Daydream Believer

Ever since I was a child, I’ve been a chronic daydreamer. I’ve experienced visions ranging from mundane scenarios in which a cute boy talks to me in a fairly common setting, to whimsical fantasies of falling into puddles and ending up in a completely different world. But what are the chances of our daydreams coming true?

If you believe in the multiverse, the possibility of infinite parallel universes or alternate realities, then could it be that at least one daydream out of the thousands we experience in this life could be manifested in at least one of these other universes…and if so, though the chances are slim, perhaps even manifested in this very life, in this very universe?

My daydreams have always held the same power as real life. For each moment absorbed in a reverie, I feel true emotion. Happy daydreams leave me with a goofy grin and a soaring mood, while imaginings that take a tragic turn often bring me to tears.  But daydreams are fleeting and fictional, and real life is…well, real. So while my daydreams are powerful and elicit a quite visceral response, they are not very functional, except to pass the time. And if I have too many brilliant, joyful visions, I sometimes crash from my high when I have to face the comparatively dull and sometimes gloomy reality of my life.

But what if daydreams could come true? Well, this actually did happen to me once in my life! Alas, it wasn’t as exciting as it sounds. The chances of me falling through a puddle and into a separate realm are highly unlikely, given the physics operating in this particular universe. But what about meeting a cute boy in a fairly common setting?

I was in the 6th grade, and in addition to my fanciful visions of magical worlds and dreams of becoming a famous writer, I also conjured up dozens of possible encounters with my crush (e.g. he’d catch up to me while I was walking home from school and start a conversation, or I’d run into him in the movie theater and the only seat open was next to him, or…well, you get the idea).

In one such daydream, I was in the city library looking for a certain book to check out for my class project when I heard a voice ask, “You looking for that book too, huh?” Startled, I turned away from the shelves to find my crush, let’s call him John, standing before me with that adorable grin of his. I smiled back. “Yup, found it!” And I waved the book in my hand. After that point, witty banter ensued. Because in my daydreams, all the right words slipped from my brain effortlessly onto my tongue and rendered me clever and charming.
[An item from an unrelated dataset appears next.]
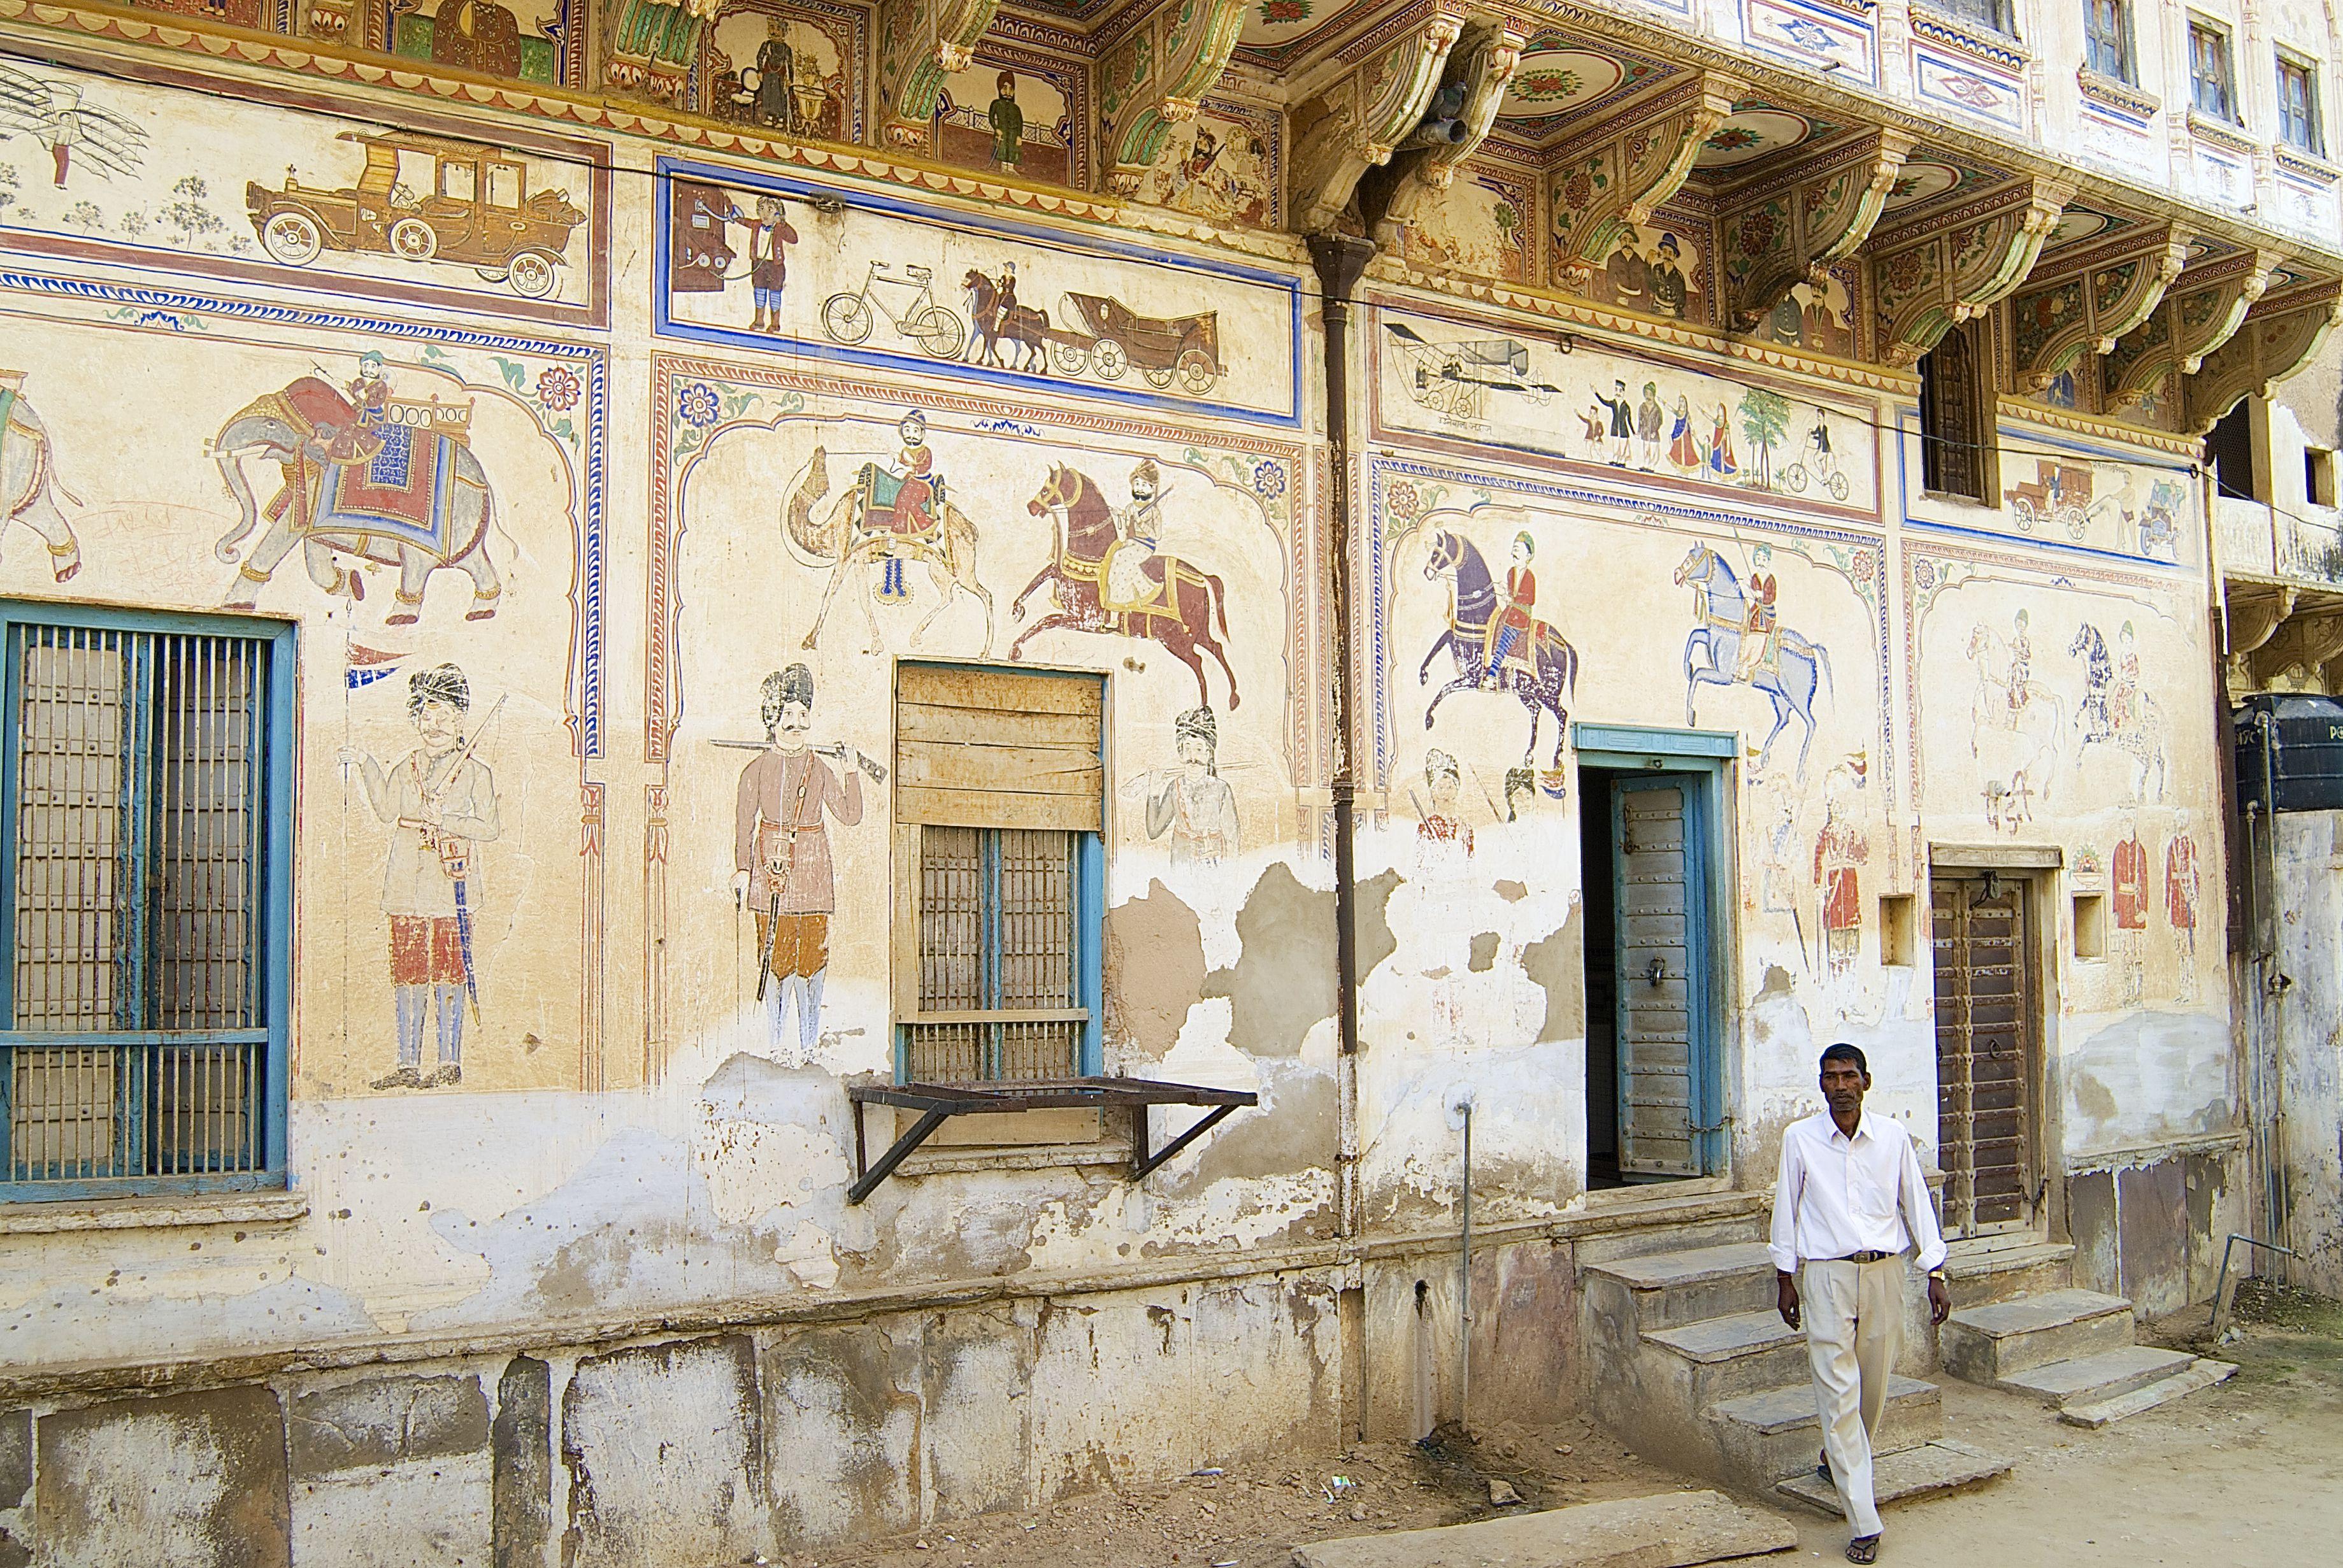 Painted haveli in Mandawa.

In real life, I did go to the library looking for that certain book for that class project, in just the same spot as in my daydream. And I did hear a voice ask, “You looking for that book too, huh?” And I was startled as I turned away from the shelves to find my crush, John, standing before me with that adorable grin of his. But I couldn’t smile back. I couldn’t say “Yup, found it!” or much of anything, really, other than “Um yeah, er….well…just looking…uh…”  Part of my miserable awkwardness did have something to do with my shyness around boys in real life. But I think I was mostly just struck dumb by the fact that one of my daydreams had come true.

I couldn’t believe it. I had had countless fantasies, but never had any of them come true. Except that one. I hardly knew what to do; I was so amazed. I had never prepared myself for the possibility of manifestation. My visions had been fanciful playthings in the safe confines of my mind.  Later, when I thought about it, my experience didn’t seem quite so supernatural. After all, my daydream had been a mundane one – I had imagined somebody I knew, in a place I frequently went, for a circumstance that was true (we really did have a class project, so I had worked it into my daydream). Sure, it was still rather unsettling that John happened to be at the same place at the same time, that real life had unfolded exactly as I had imagined, up until the part when I was supposed to be witty and charming. When I thought about it some more, I started kicking myself. The mysterious multiverse had granted me a golden opportunity; why hadn’t I seized it? Instead of standing there like an idiot, why couldn’t I have just mustered up some confidence and fulfilled my part of the fantasy?

My failing still haunts me to this day. Since that surreal bit of happenstance at the library, I’ve had hundreds of daydreams of other normal experiences and probable encounters, yet not one of them has even approached reality. Perhaps I blew it. Or maybe I will be bestowed with a second chance one day. It could be next time I’ll fall through that puddle…

Either way, I’ll keep dreaming, keep living, because I do so enjoy both. But should the two ever converge again in cosmic serendipity, I’ll be ready.